• [WHAT IS REQUIRED]
Please write out all the data that follows exactly, without the pictures.

• [EXERCISE DATA]
◇ ◇ ◇ ◇ ◇

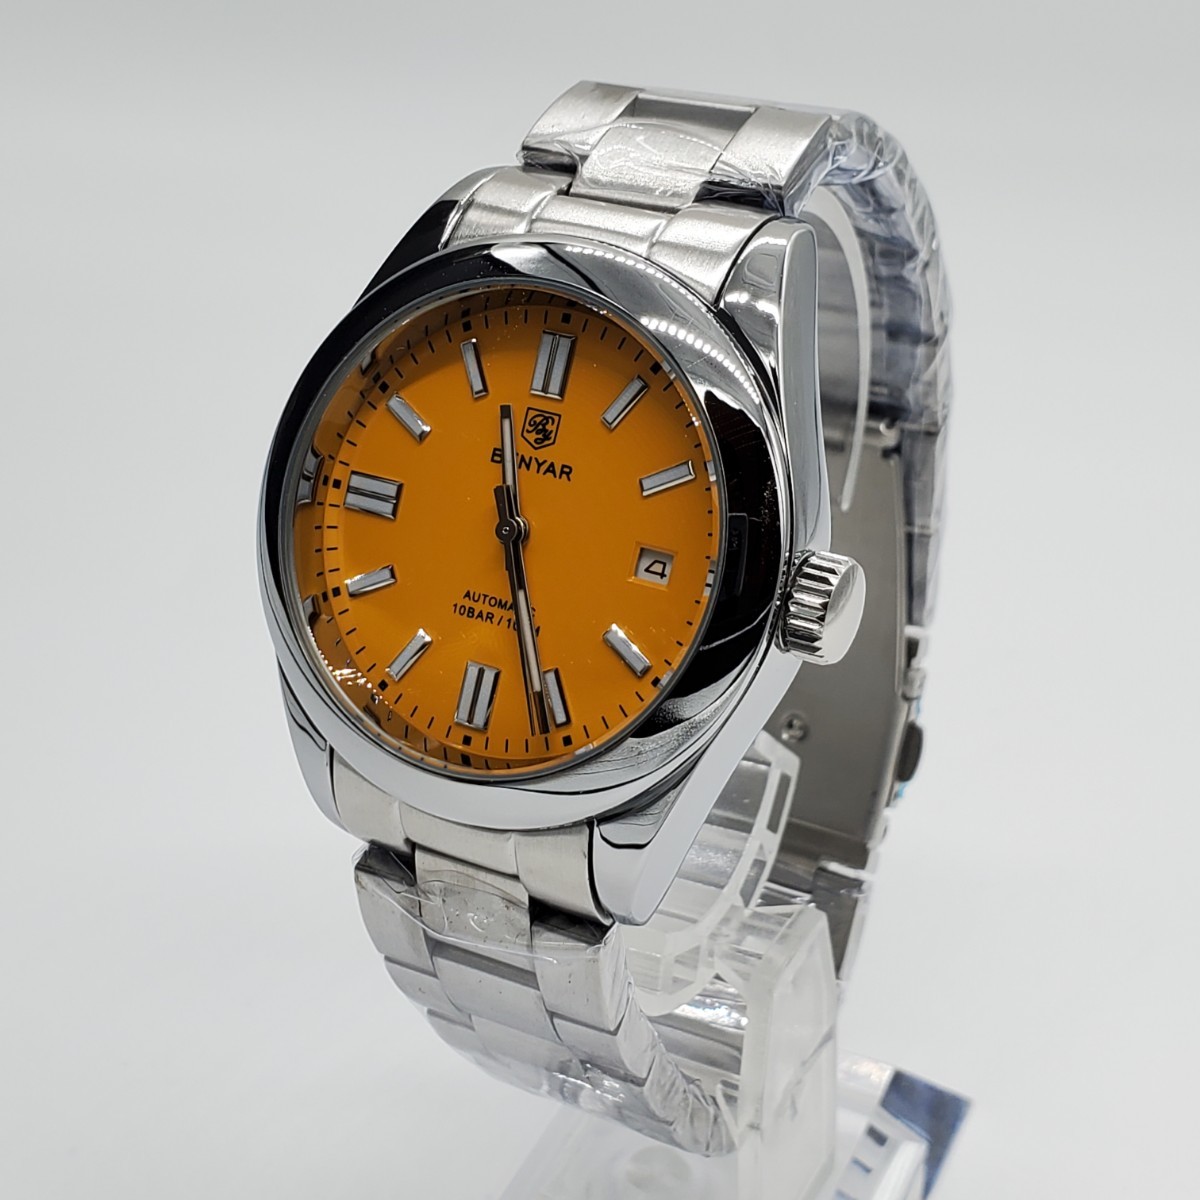  new goods self-winding watch BENYAR yellow yellow men's wristwatch machine ST6 business 
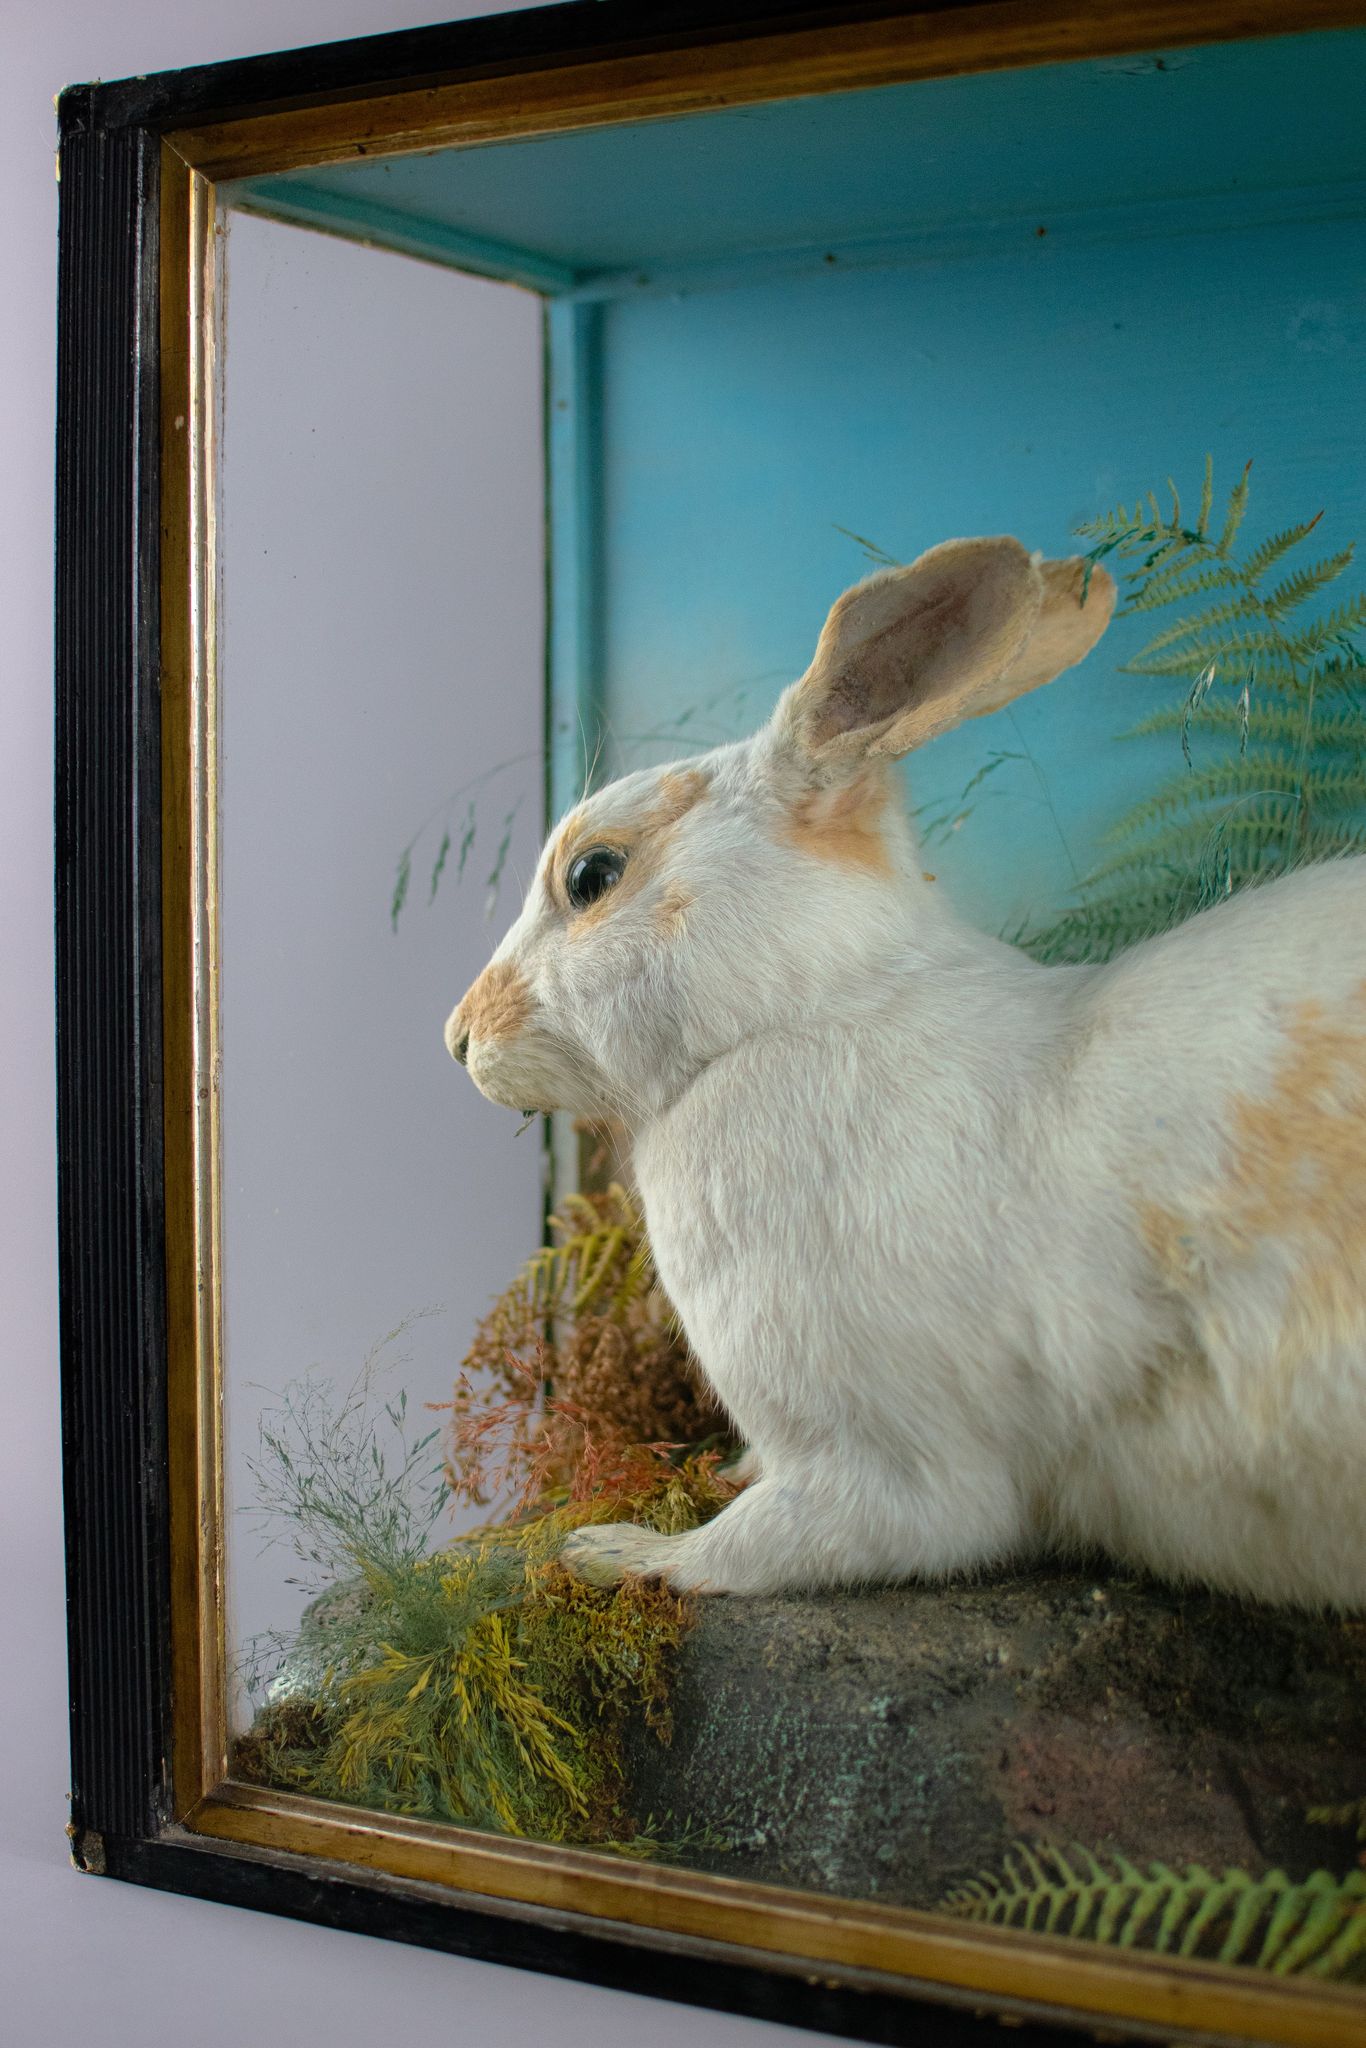 Victorian Taxidermy English Spot Rabbit by Jefferies of Carmarthen
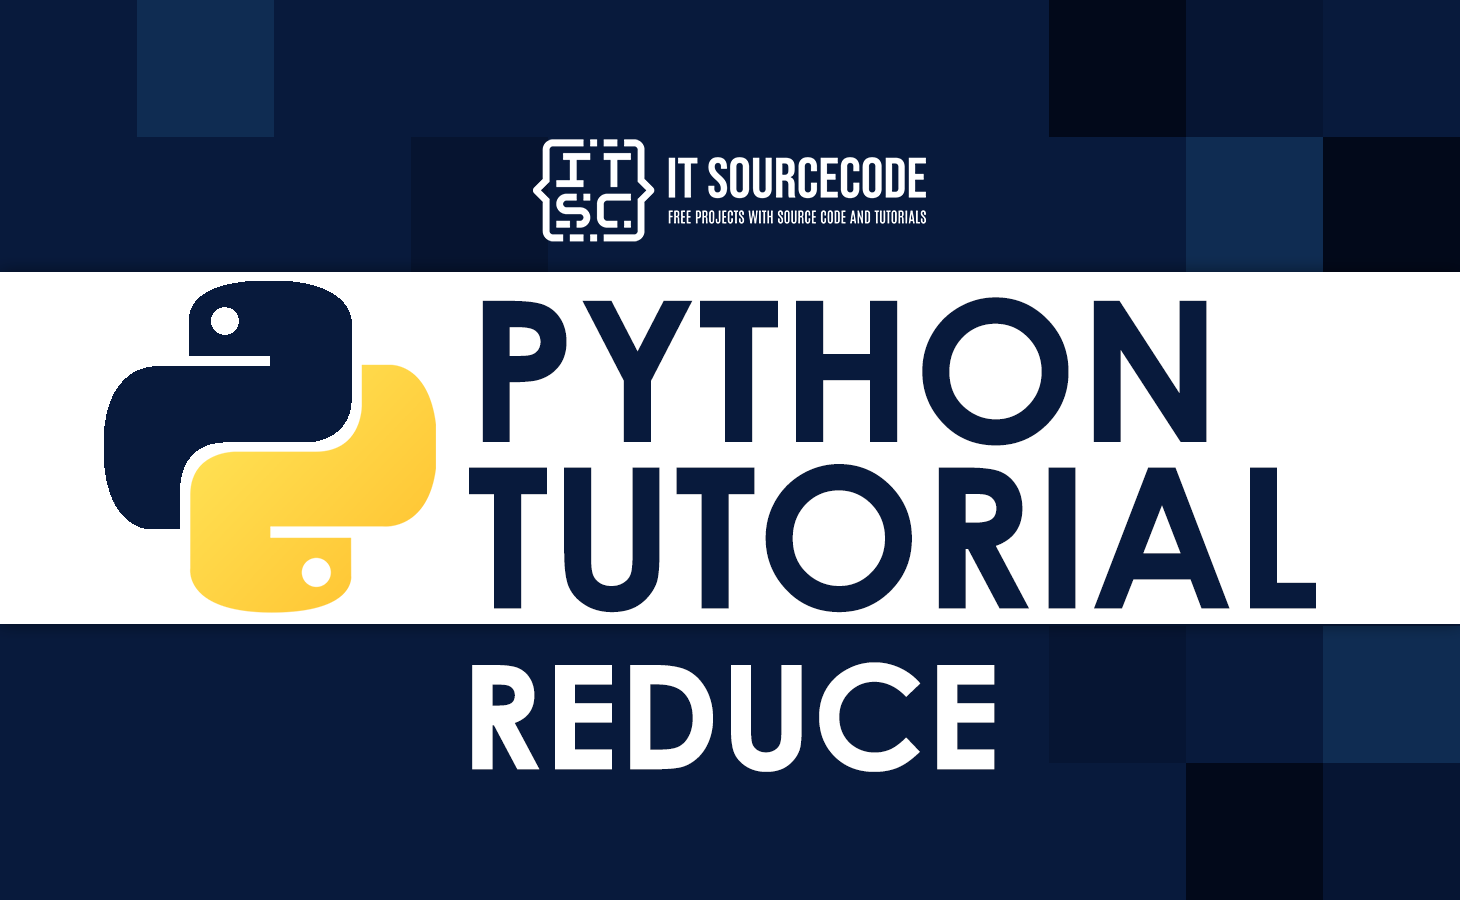 Python Reduce

◇ ◇ ◇ ◇ ◇

• [ANSWER TO THE EXERCISE]
  new goods self-winding watch BENYAR yellow yellow men's wristwatch machine ST6 business 
 Victorian Taxidermy English Spot Rabbit by Jefferies of Carmarthen
 Python Reduce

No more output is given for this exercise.